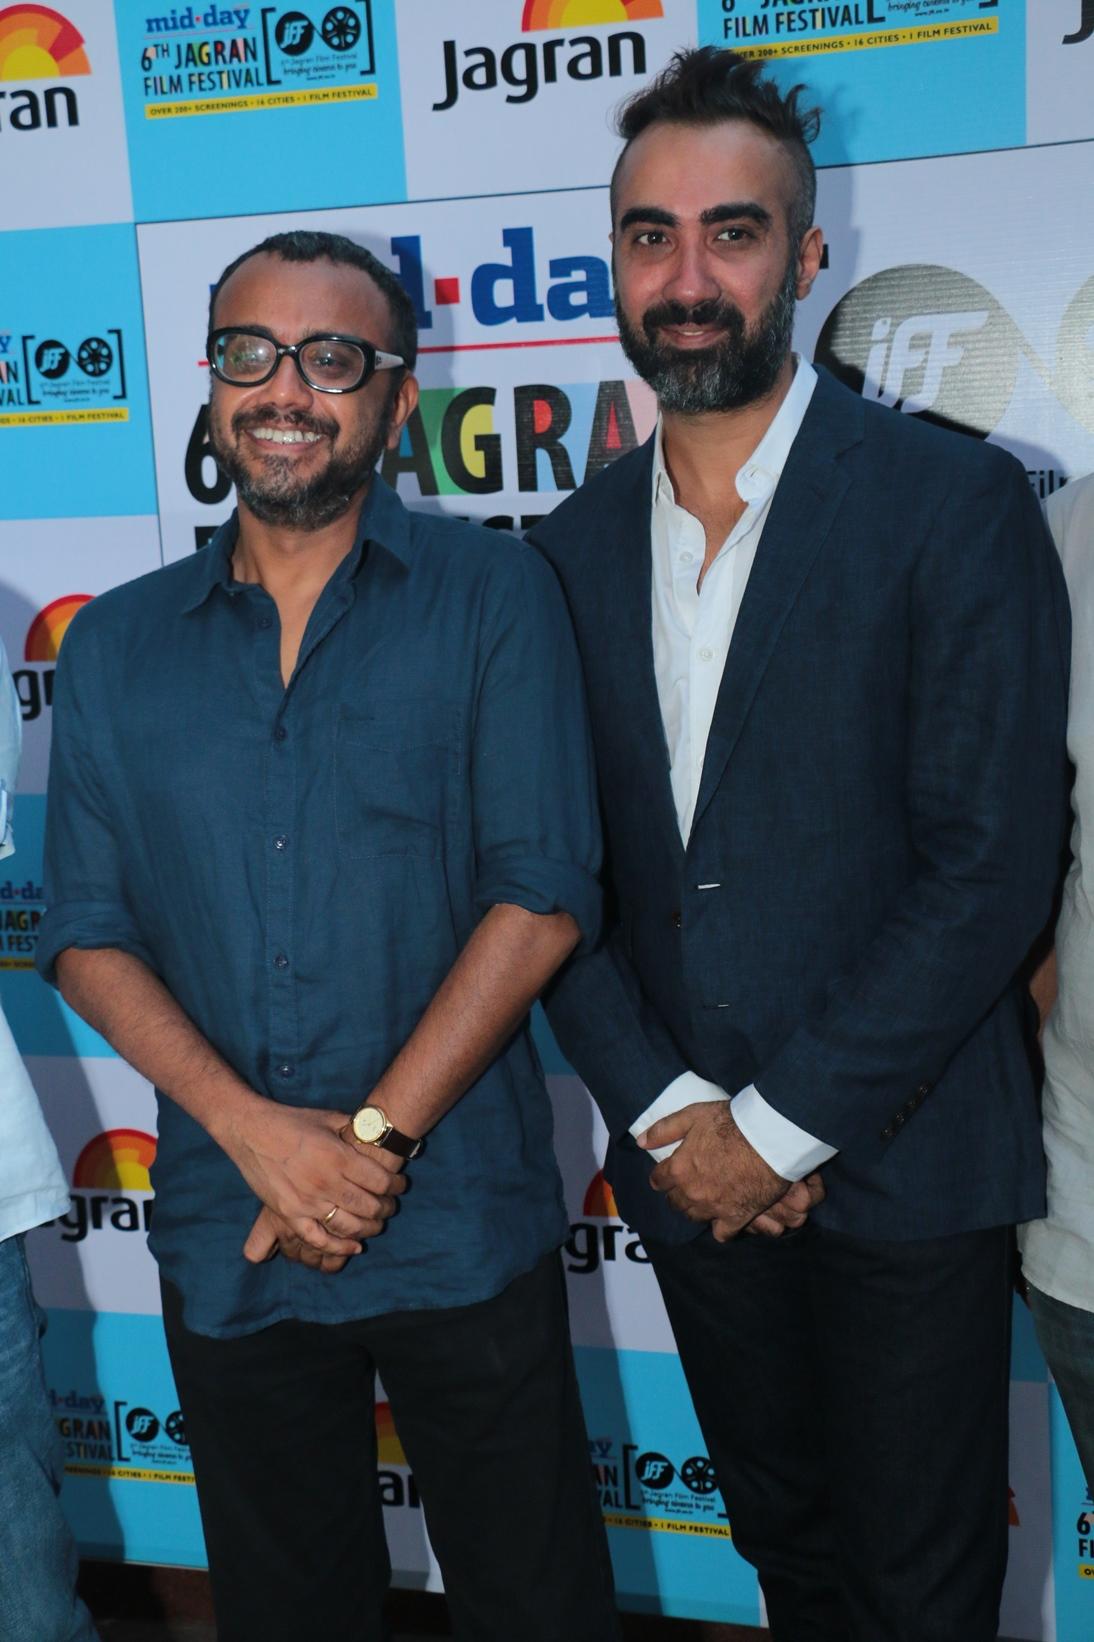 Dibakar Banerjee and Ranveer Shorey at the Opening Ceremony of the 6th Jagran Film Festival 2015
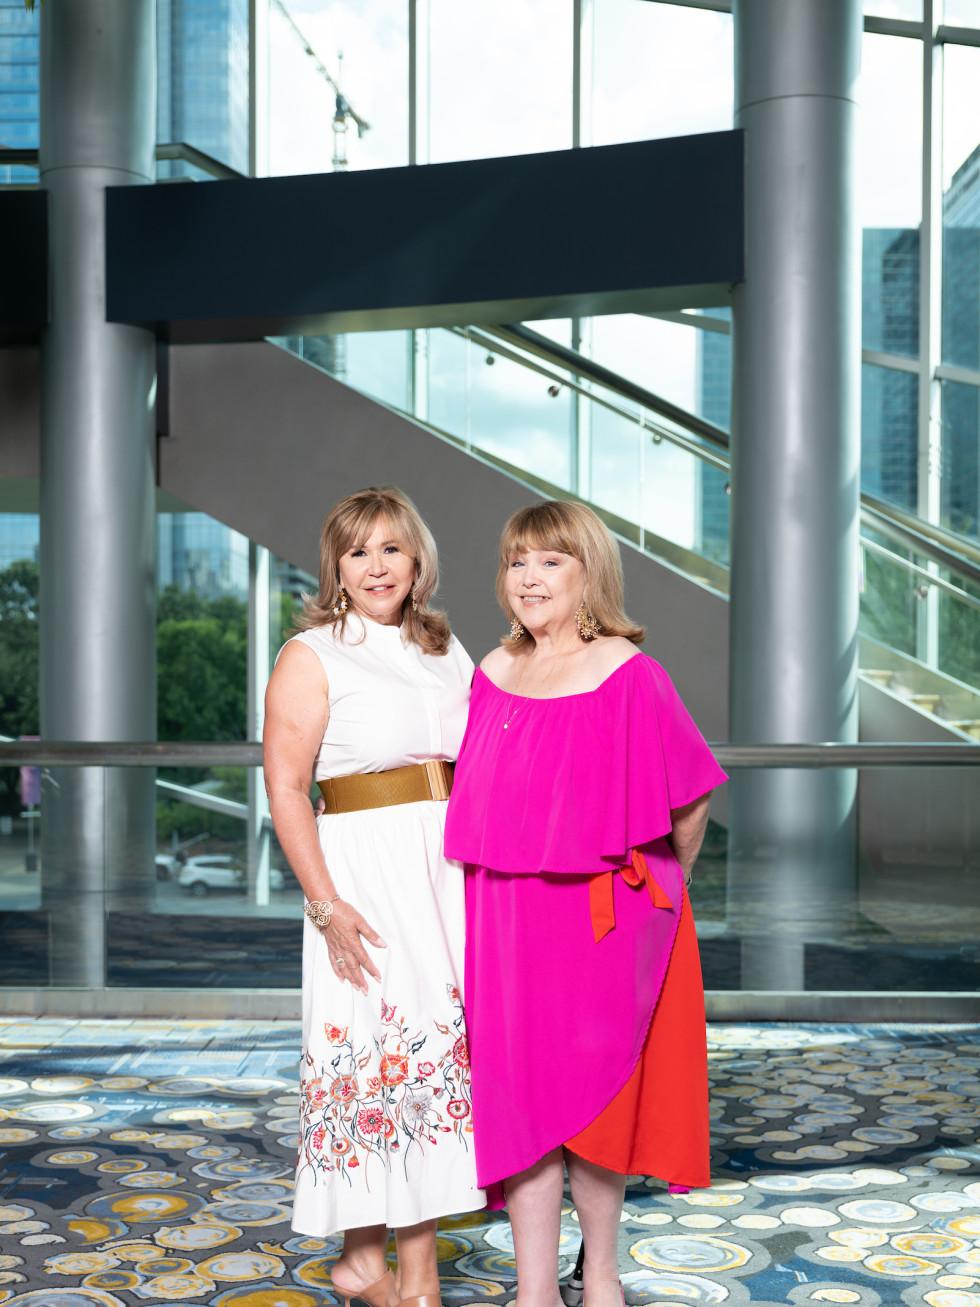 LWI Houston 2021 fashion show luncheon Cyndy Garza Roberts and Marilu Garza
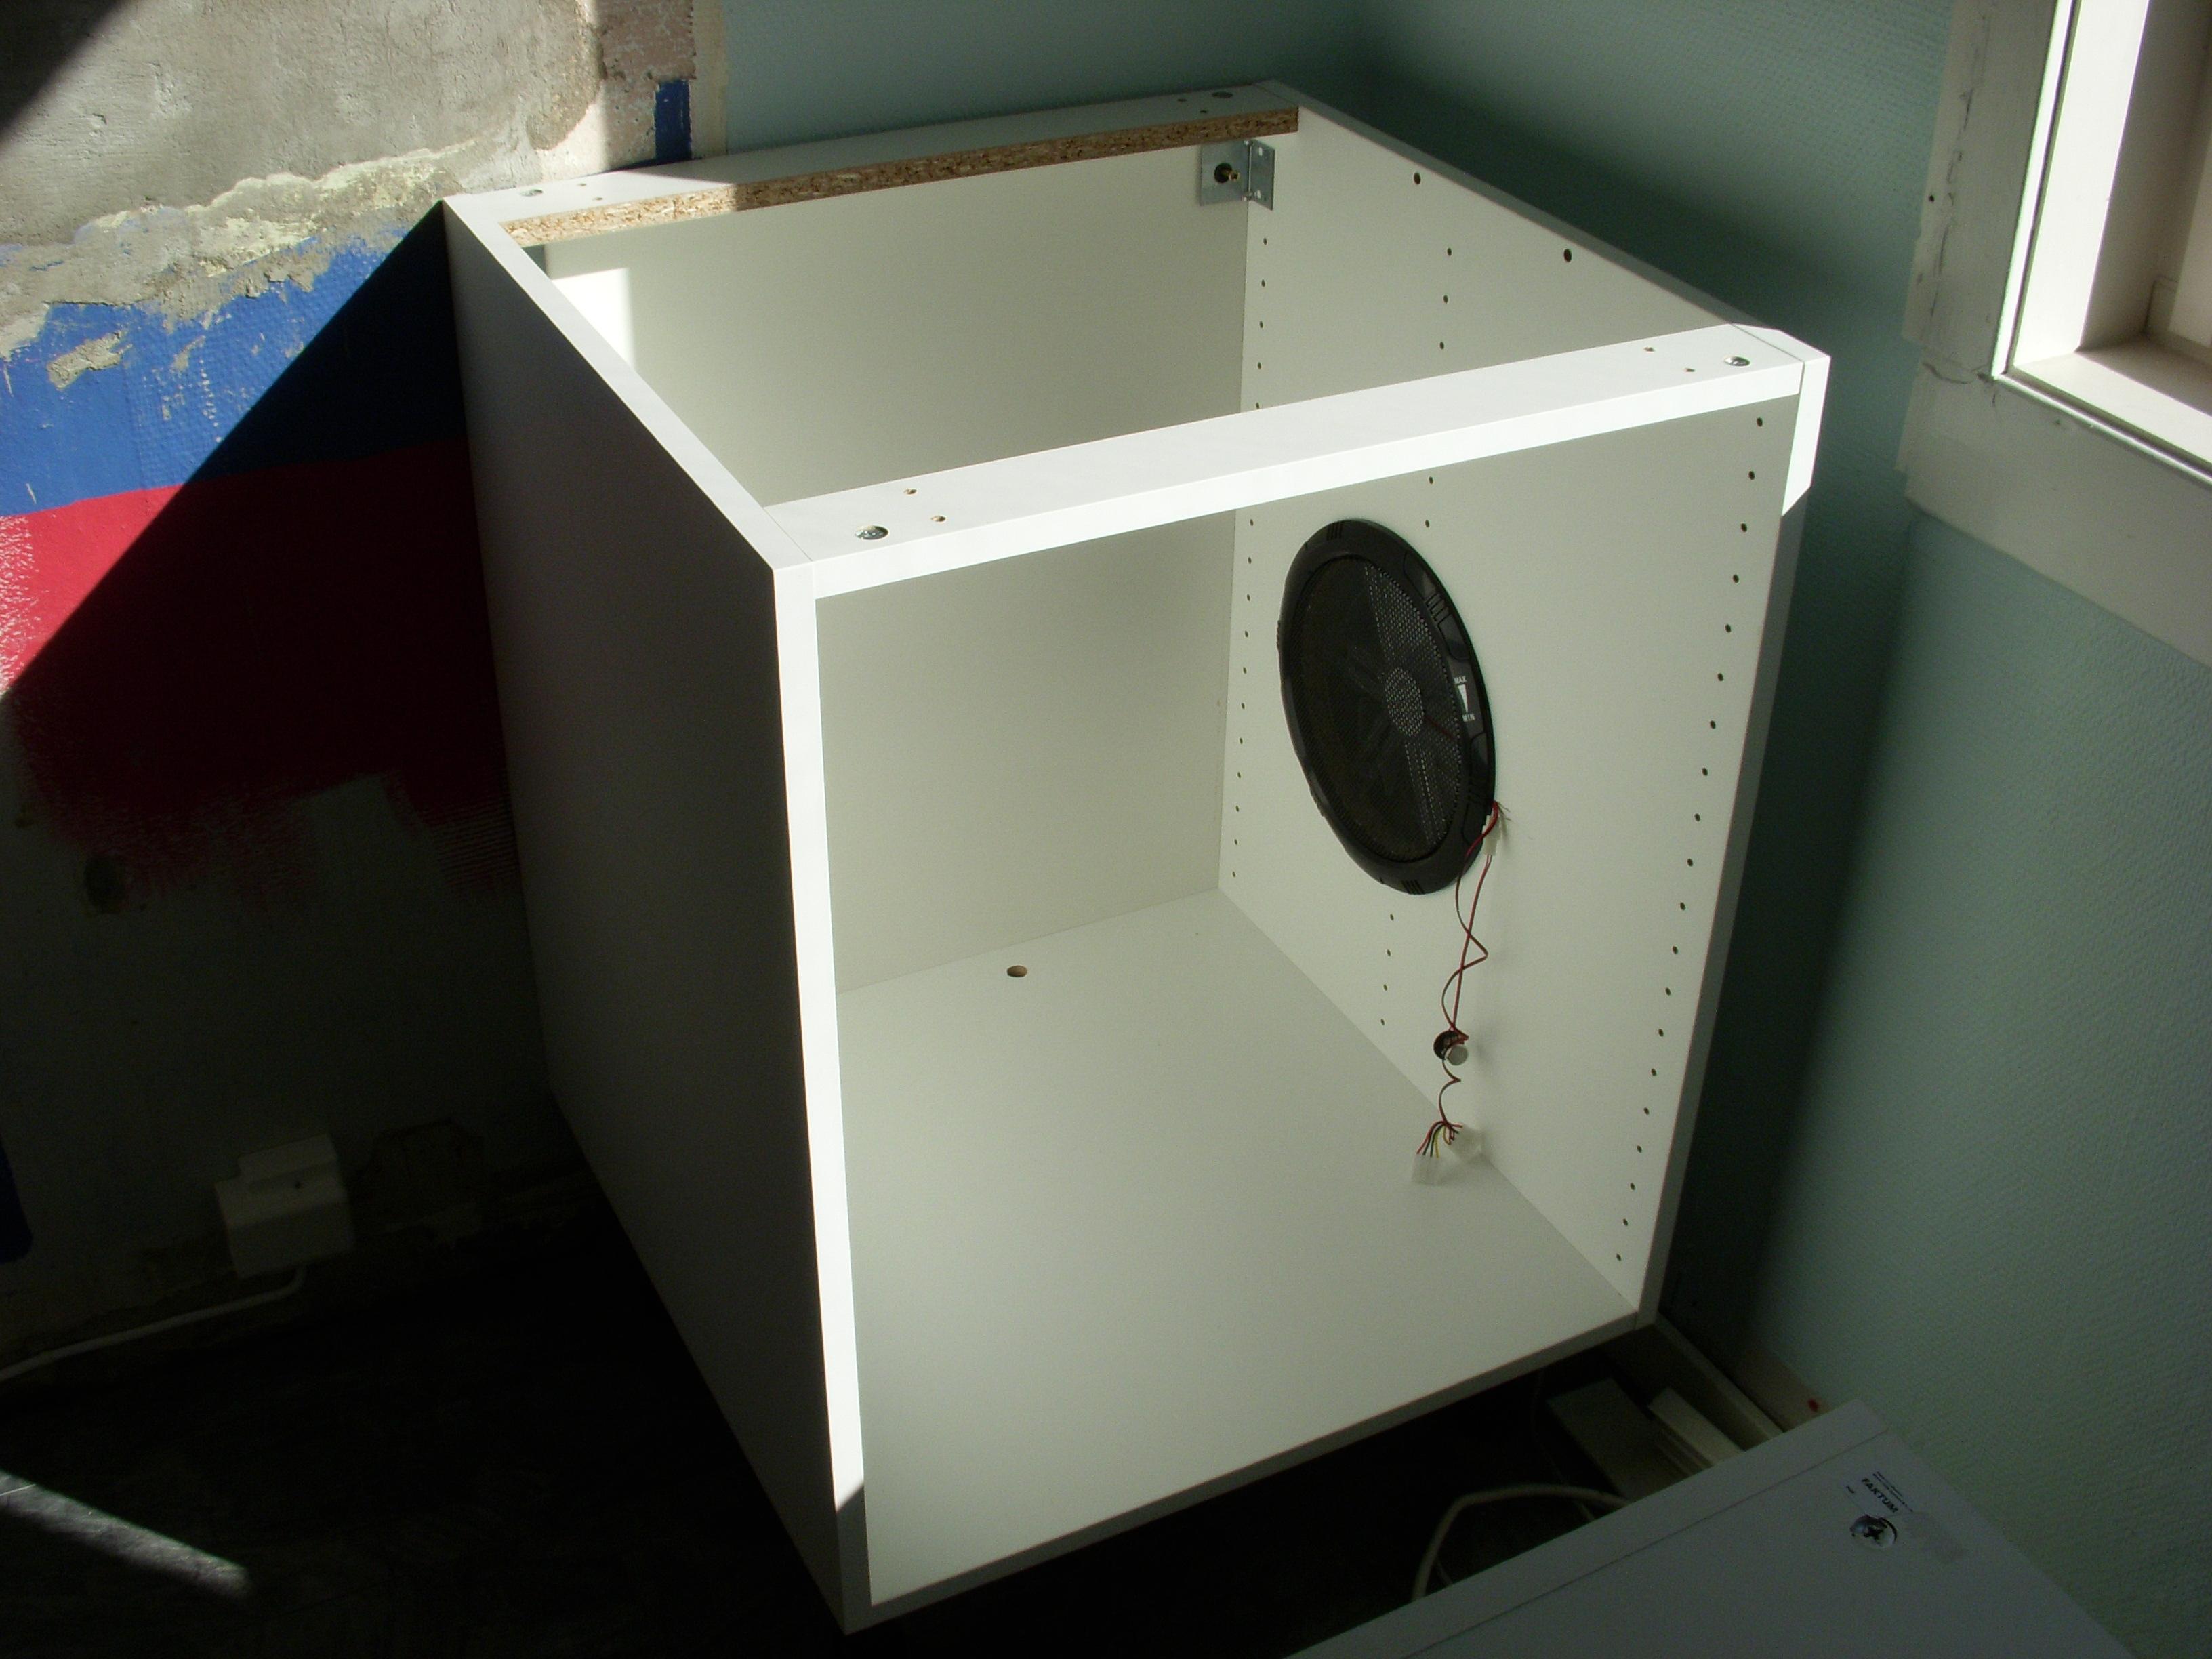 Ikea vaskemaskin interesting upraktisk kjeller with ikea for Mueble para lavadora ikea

----

▶ **Problem**:
This task asks for the data above repeated exactly, without a single picture.

▶ **Answer below**:
 Dibakar Banerjee and Ranveer Shorey at the Opening Ceremony of the 6th Jagran Film Festival 2015
 LWI Houston 2021 fashion show luncheon Cyndy Garza Roberts and Marilu Garza
 Ikea vaskemaskin interesting upraktisk kjeller with ikea for Mueble para lavadora ikea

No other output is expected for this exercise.